« A quelques jours du scrutin européen du 25 mai, les partis protestataires ont bien de la chance. Ils offrent un programme simple : détruire. C’est accessible à tous et cela nous change agréablement de la complexité de l’époque. Chef duFront national (extrême droite), Marine Le Pen le dit très bien : elle veut «bloquer » l’Union européenne. Avant d’essayer de la démanteler. Les formations protestataires europhobes peuvent compter sur les partis de gouvernement. Eux aussi disent du mal de l’Europe, prise pour bouc émissaire de leurs difficultés nationales.

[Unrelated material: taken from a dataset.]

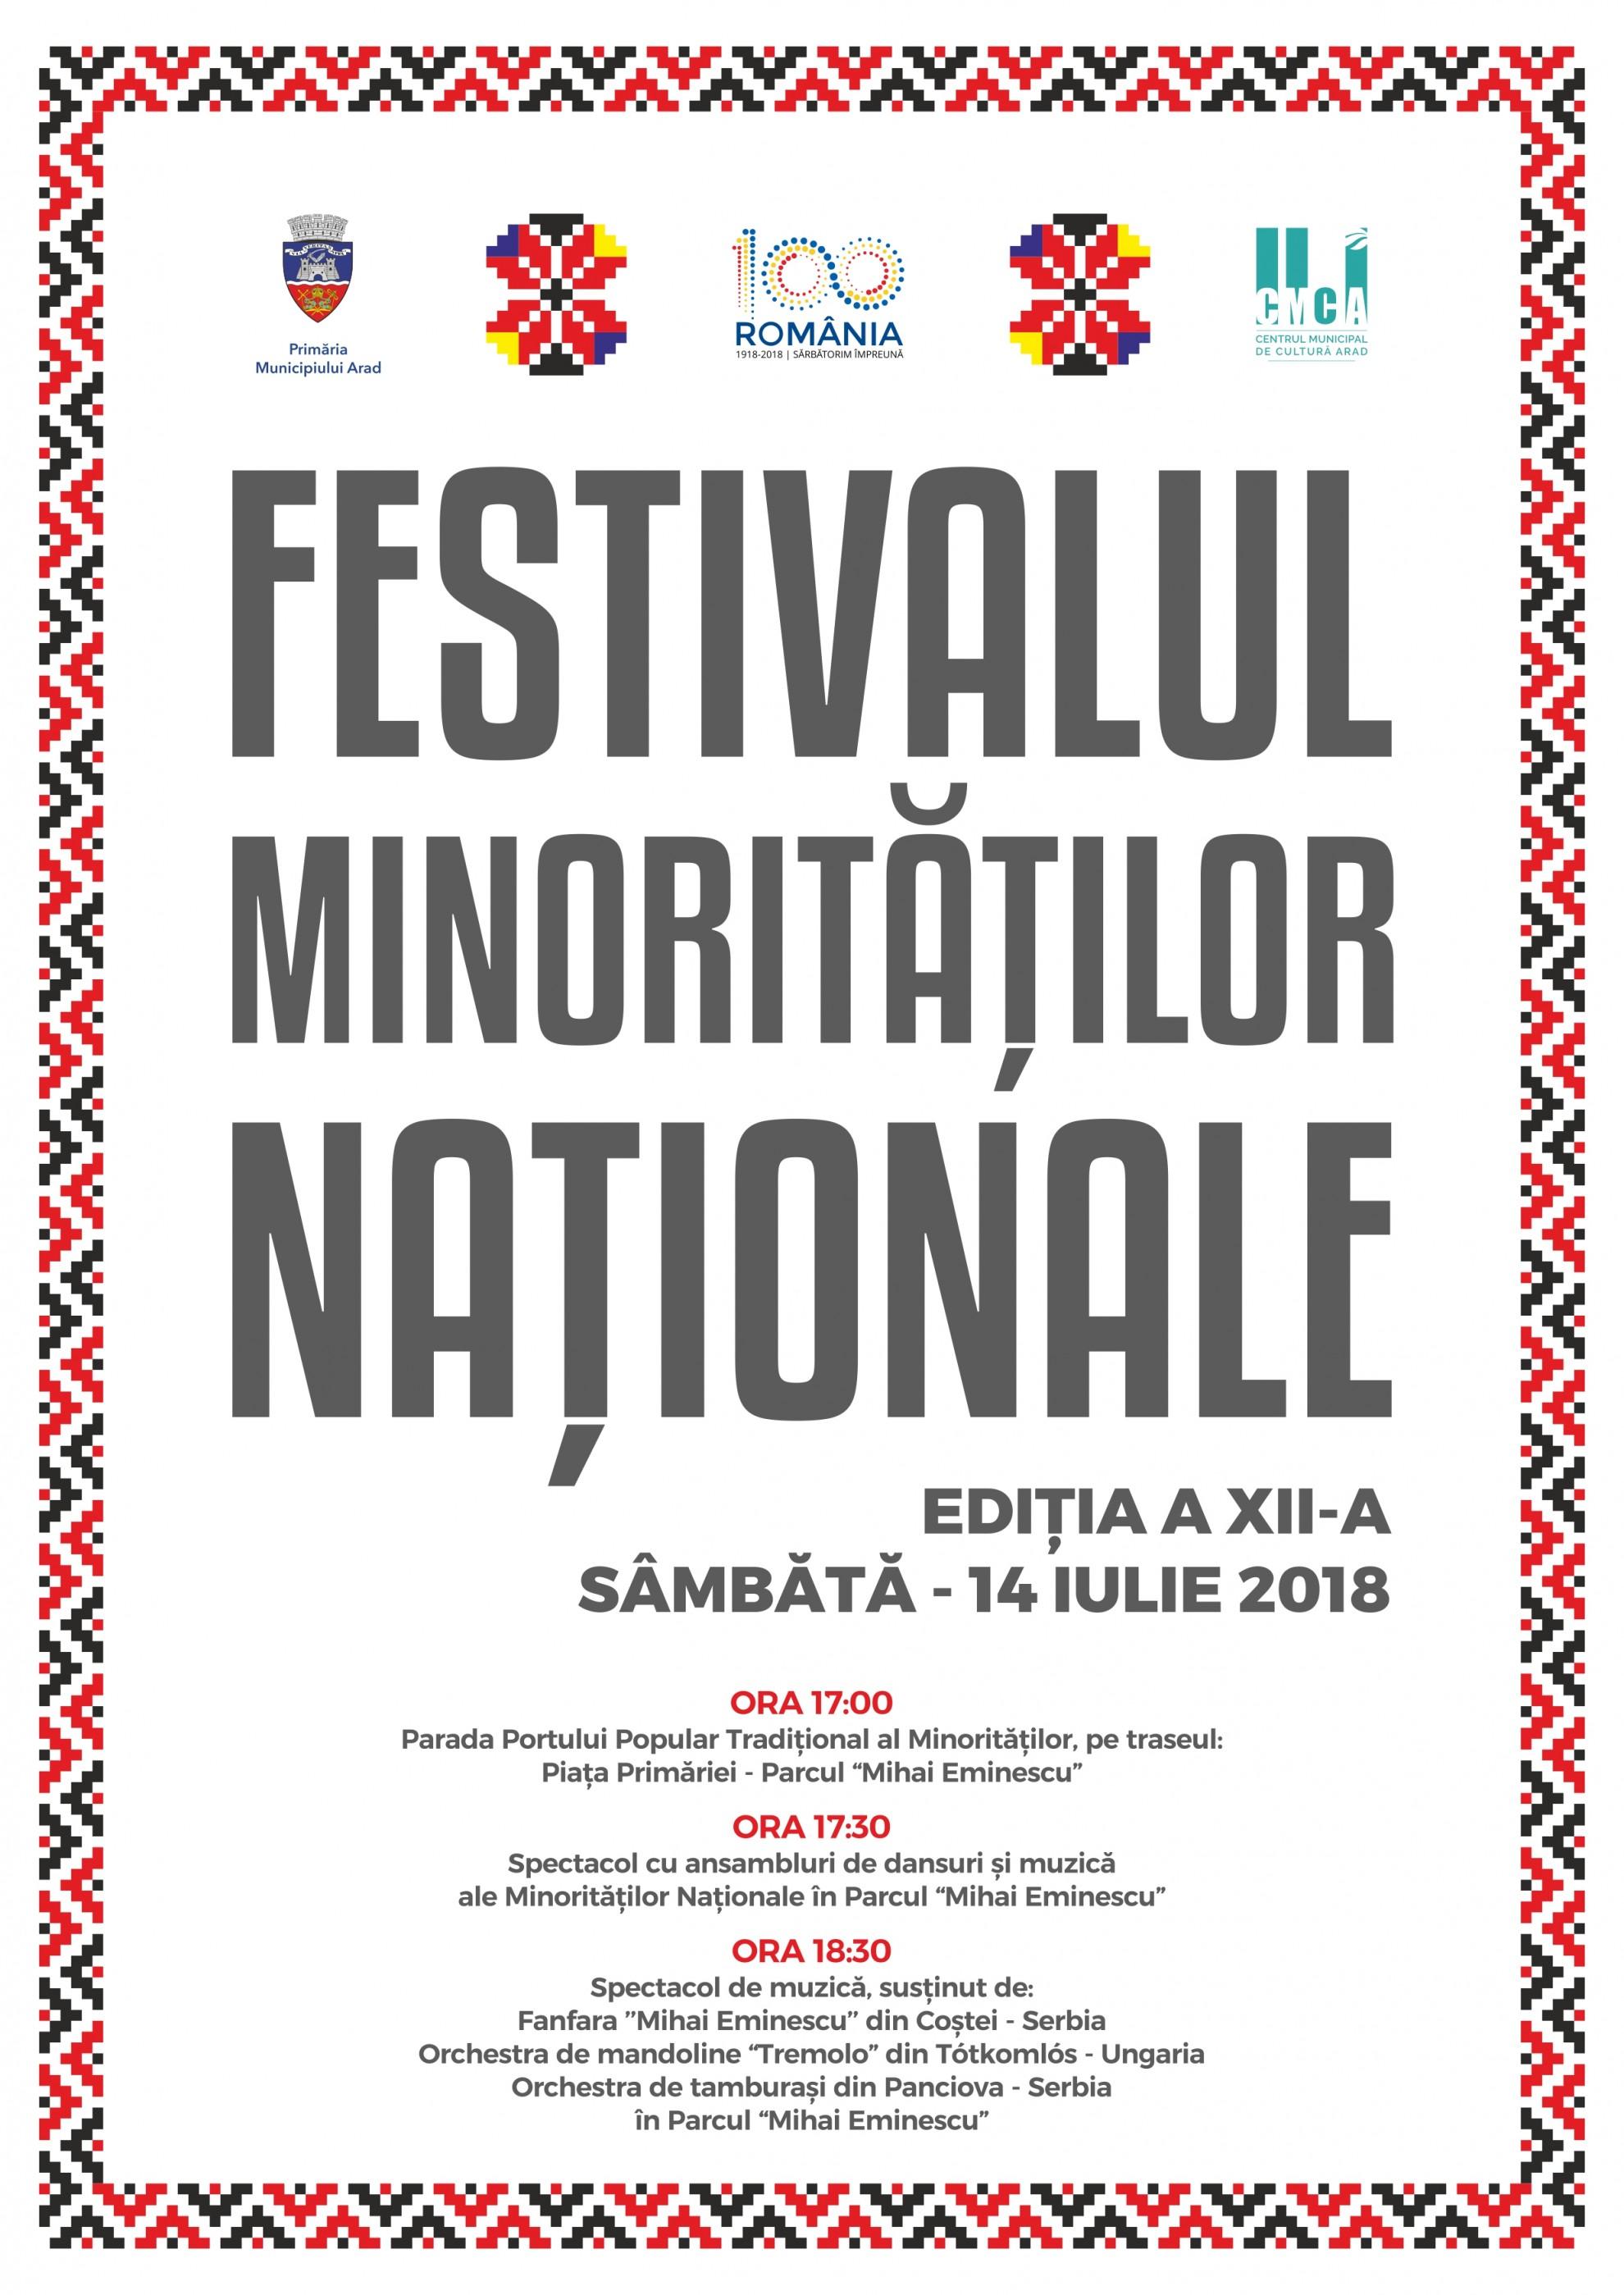 Festival of national minorities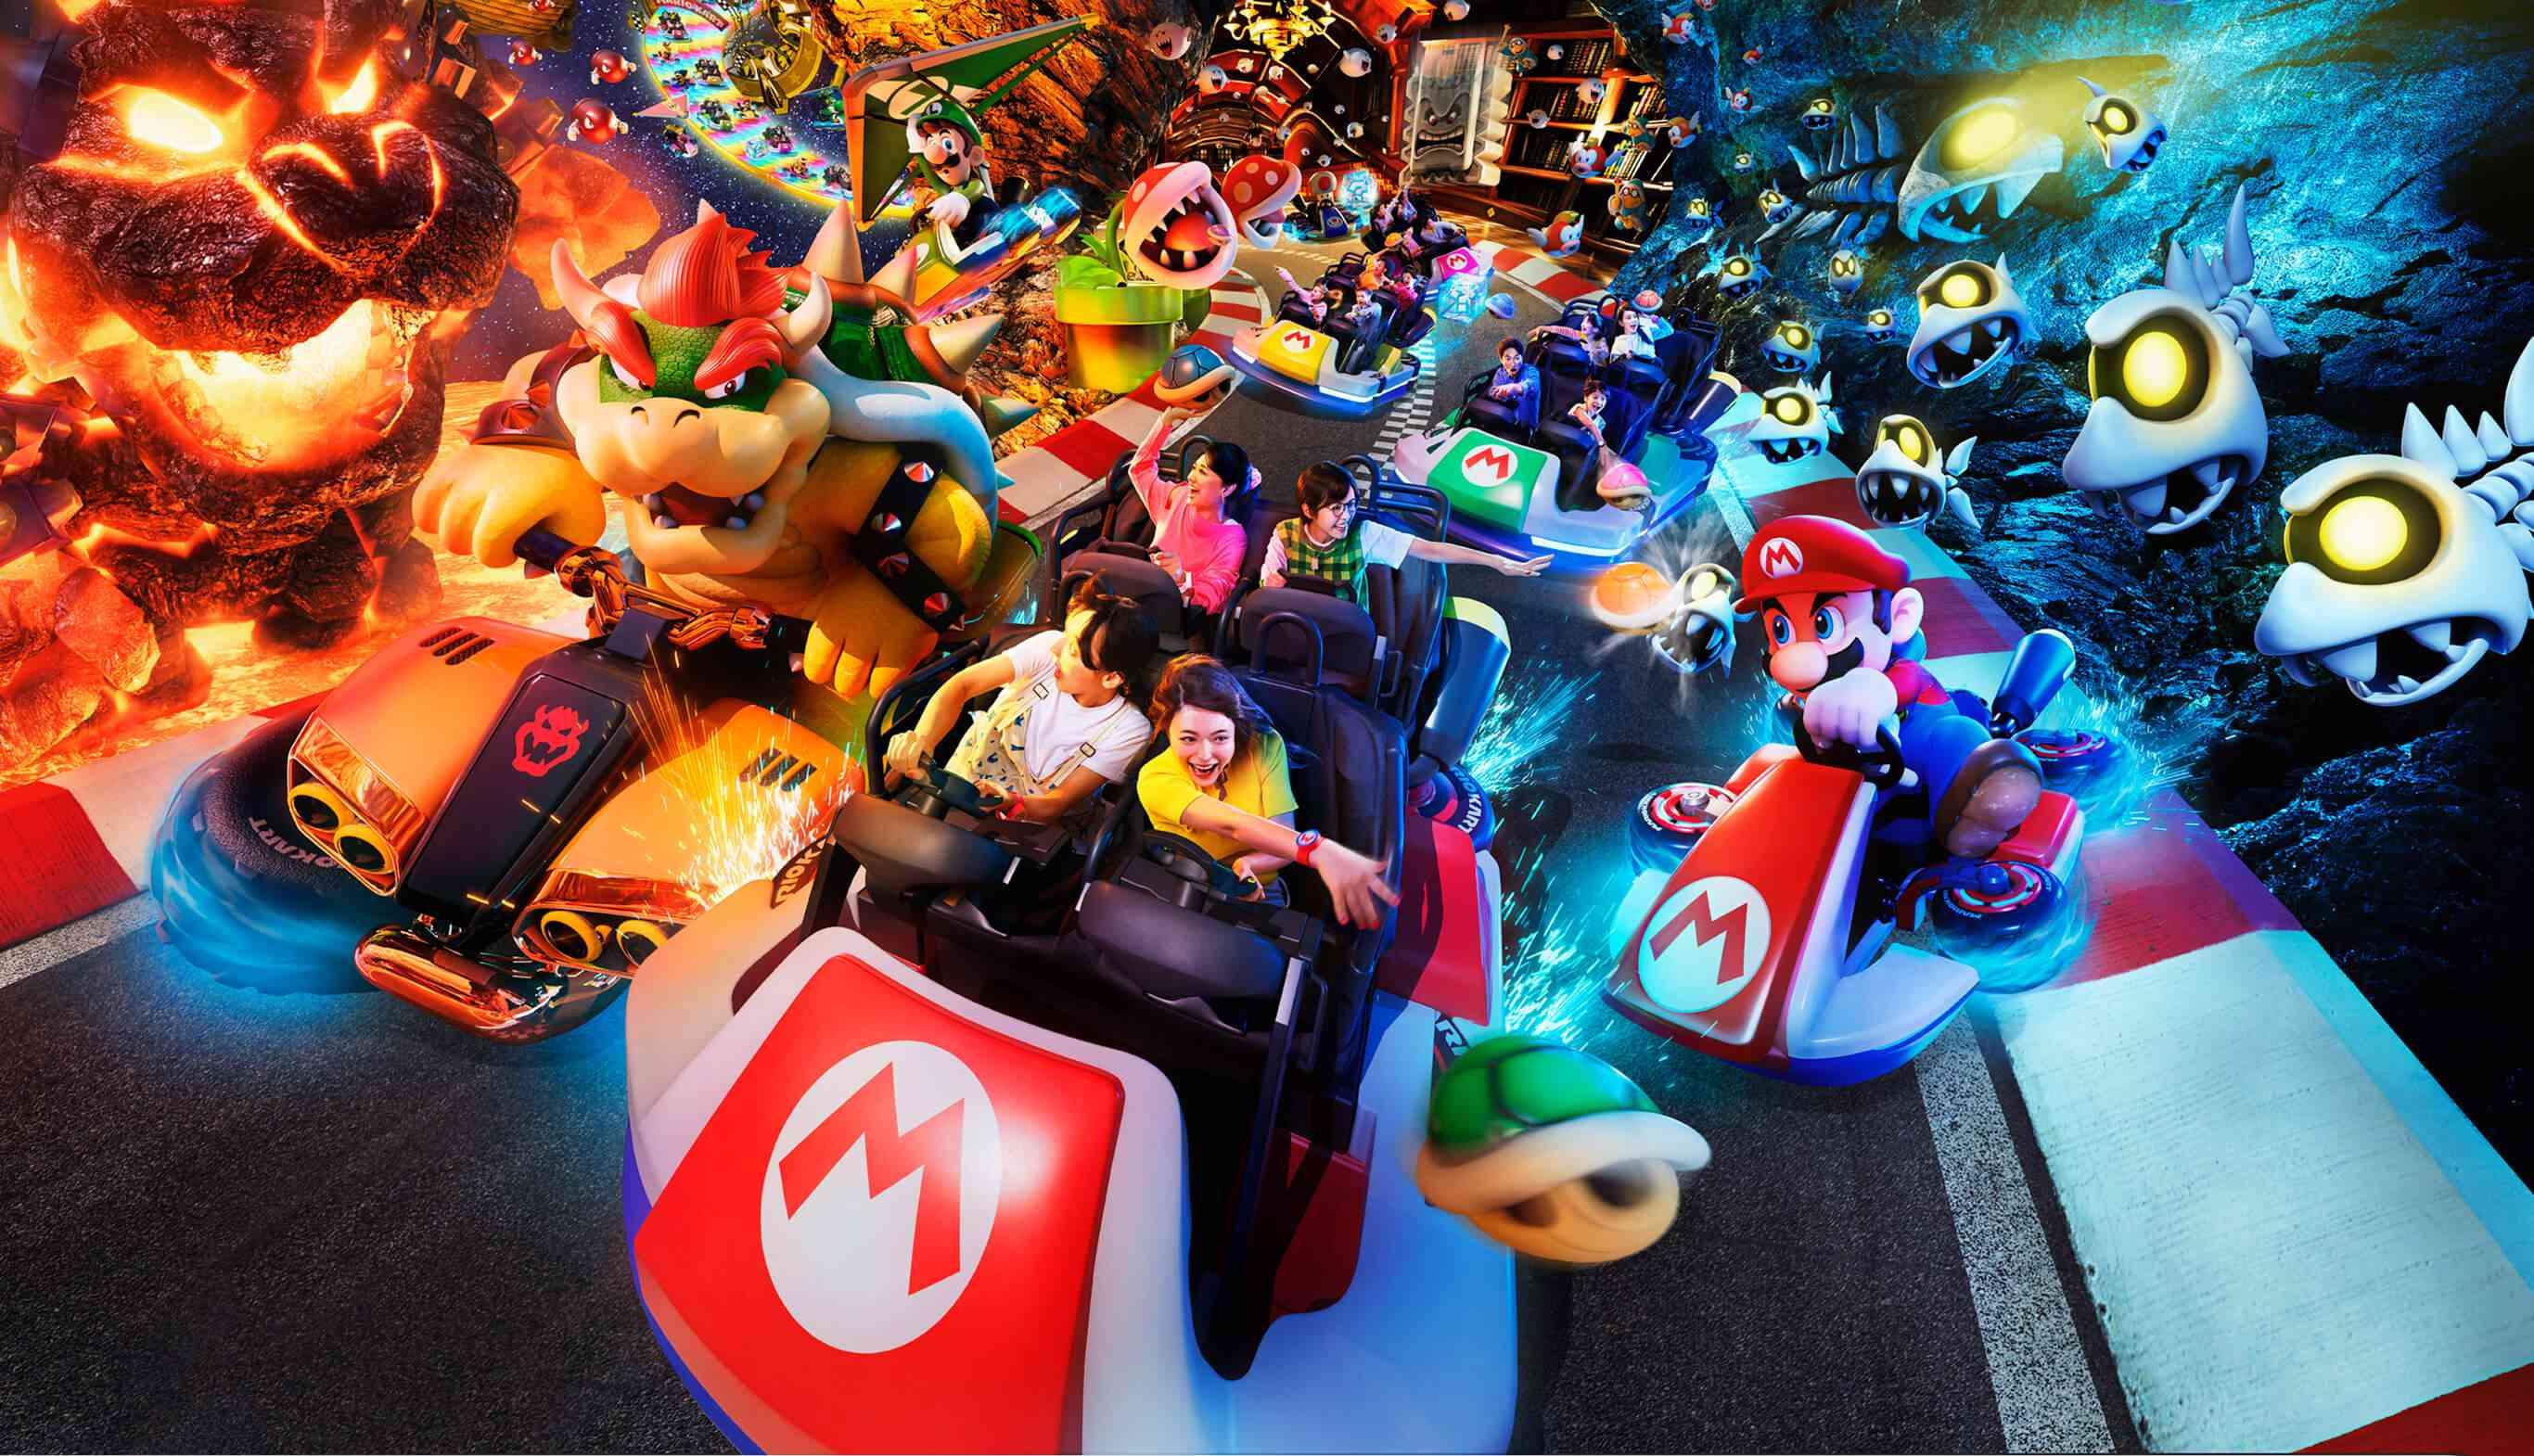 Mario Kart ride at Universal Studios

L’Union européenne (UE) a beaucoup de défauts. Elle est incarnée par une machinerie bruxelloise peu sexy et incompréhensible. Elle ne parle qu’une langue, l’économie, et dans un patois vulgaire, le « globish ». Elle ne peut que décevoir quand elle s’attribue des capacités qu’elle n’a pas – une politique dedéfense – ou pas encore – une vraie politique étrangère. Elle ne suscite pas de sentiment d’appartenance : trop vaste espace aux frontières trop mouvantes. Elle enregistre un échec sur une question-clé et très difficile : la maîtrise des flux migratoires.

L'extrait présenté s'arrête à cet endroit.